# Lighting Fixture Mounting Height Question



## Aquaman55g (Oct 5, 2010)

I finally was able to set up my second attempt at a 55 gallon freshwater planted aquarium - it is almost complete as I am awaiting shipment of the last group of plants.
I have a question about the best height level for my Hagen T5 HO GLO lighting fixture with 108 watts total over the aquarium. I have a Top Fin 55 gallon tank with the black plastic frame and middle separator. During my first attempt to set up this tank I tried laying the lighting unit directly on the glass top but felt that this was not good due to the proximity of the heat of the bulbs to the plastic parts of the tank and plastic hinged glass tops. I was able to have a local glass shop trim some glass off the hinged tops so I could mount the Hagen T5 HO fixture mounting bracket. This bracket has four height settings and I was wondering which level would be best to rest the light fixture on to maximize plant growth, etc.
Thanks for your time and advice.

John Remsen :fish10:


----------



## Gizmo (Dec 6, 2010)

Johnny,

I always go by the idea that the closer it is to the water's surface and the less obstructed the light bulbs are between them and the water, the more light you'll get into the tank. Conversely, the more stuff you have in between (especially dirty or opaque stuff) the higher the heat buildup will be.

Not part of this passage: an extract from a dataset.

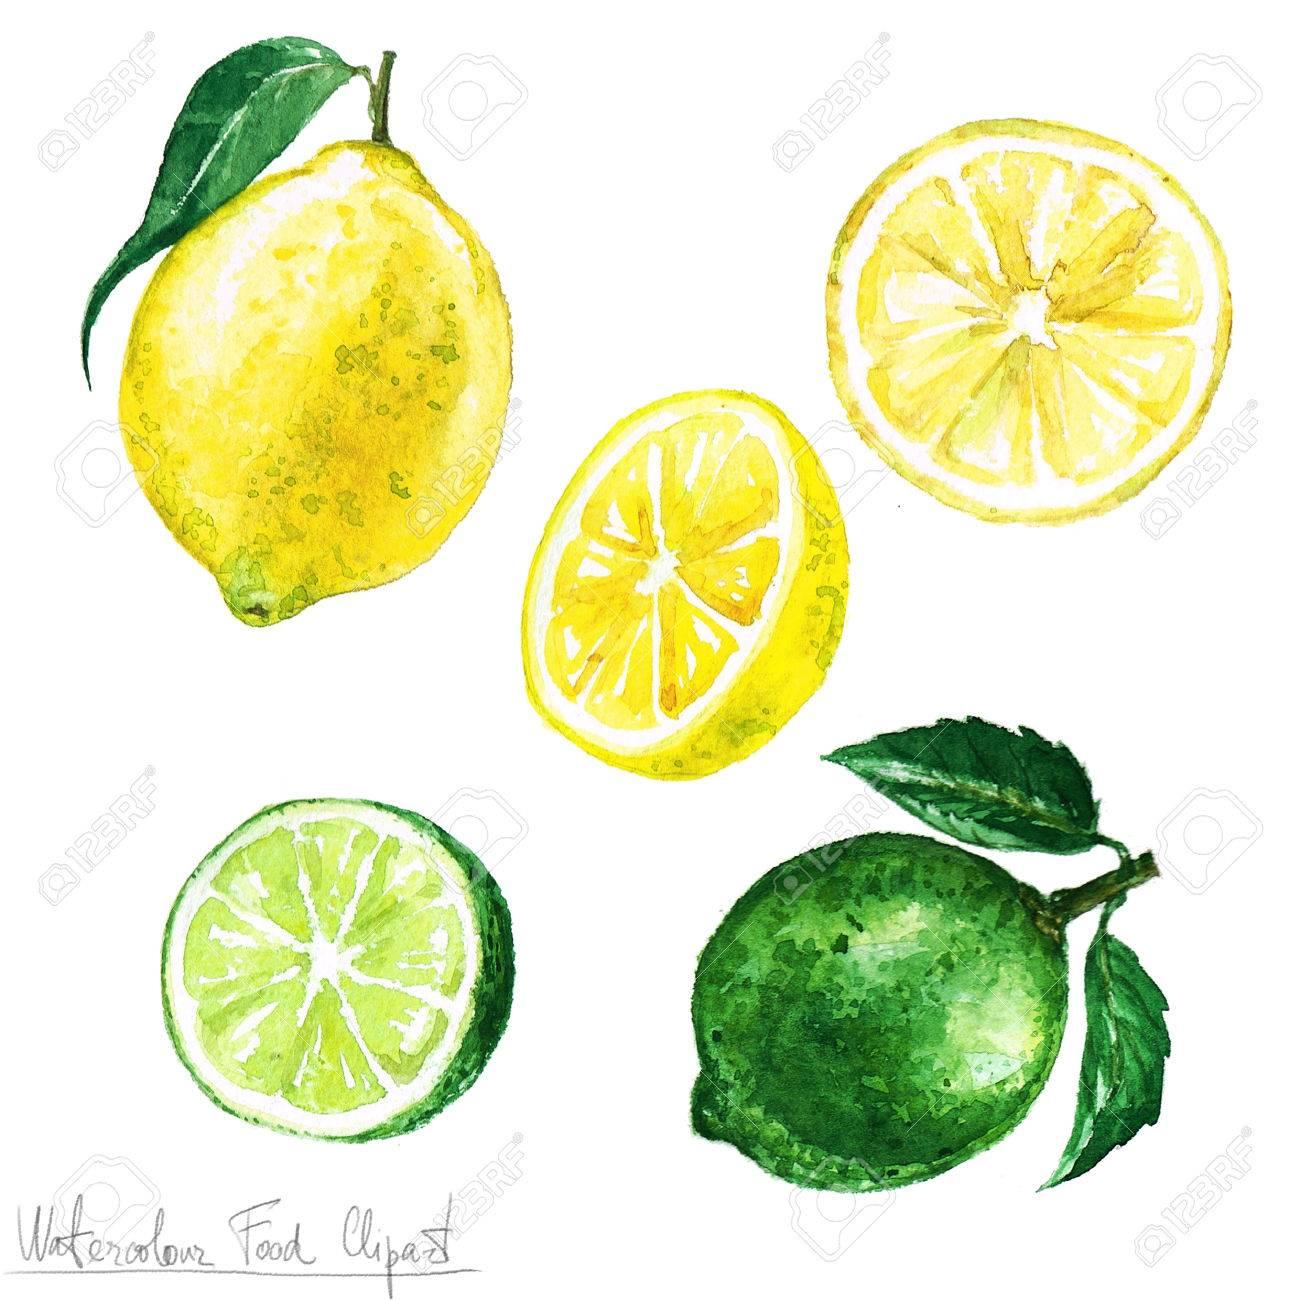 水彩食べ物クリップアート レモンとライム の写真素材画像素材 Image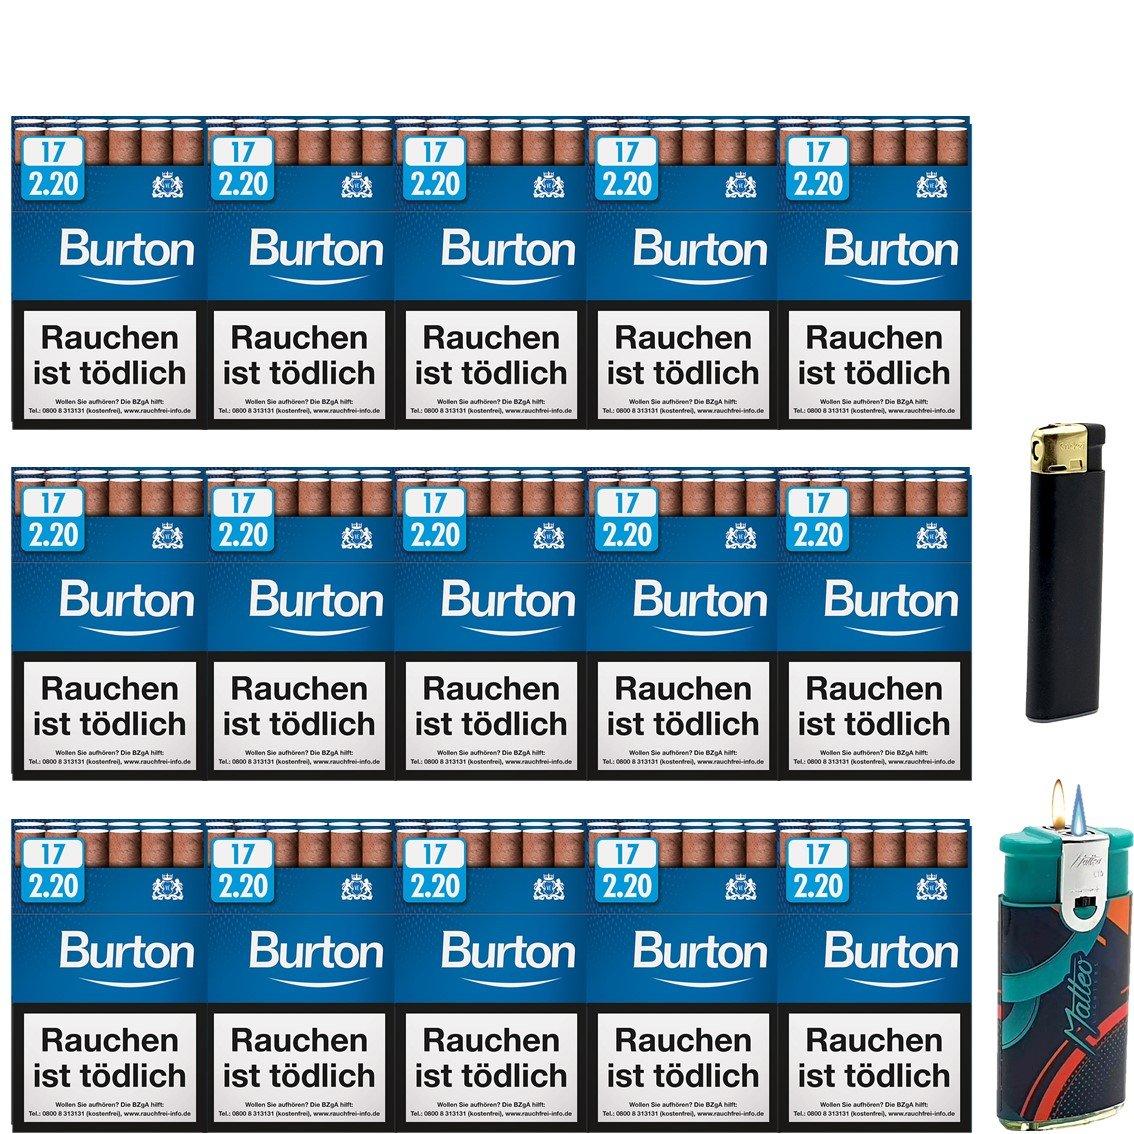 Burton Blue Zigarillos mit Filter (3 Stangen) 30 x 17 Stück Uvm.

I've got a 48Watt T5HO fixture sitting directly on top of my ten gallon's full glass hood, and no melting problems thus far. However, it does get pretty hot. I would generally recommend an inch or two above a hood for high-powered lighting. Without a hood, I would strongly urge a splash screen (most fixtures have them) to protect the bulbs, that way you can get much closer to the water.

Many on here use egg crate from Home Depot or Lowe's as a place to rest their fixtures on over the tank, FYI.

Hope this helps!


----------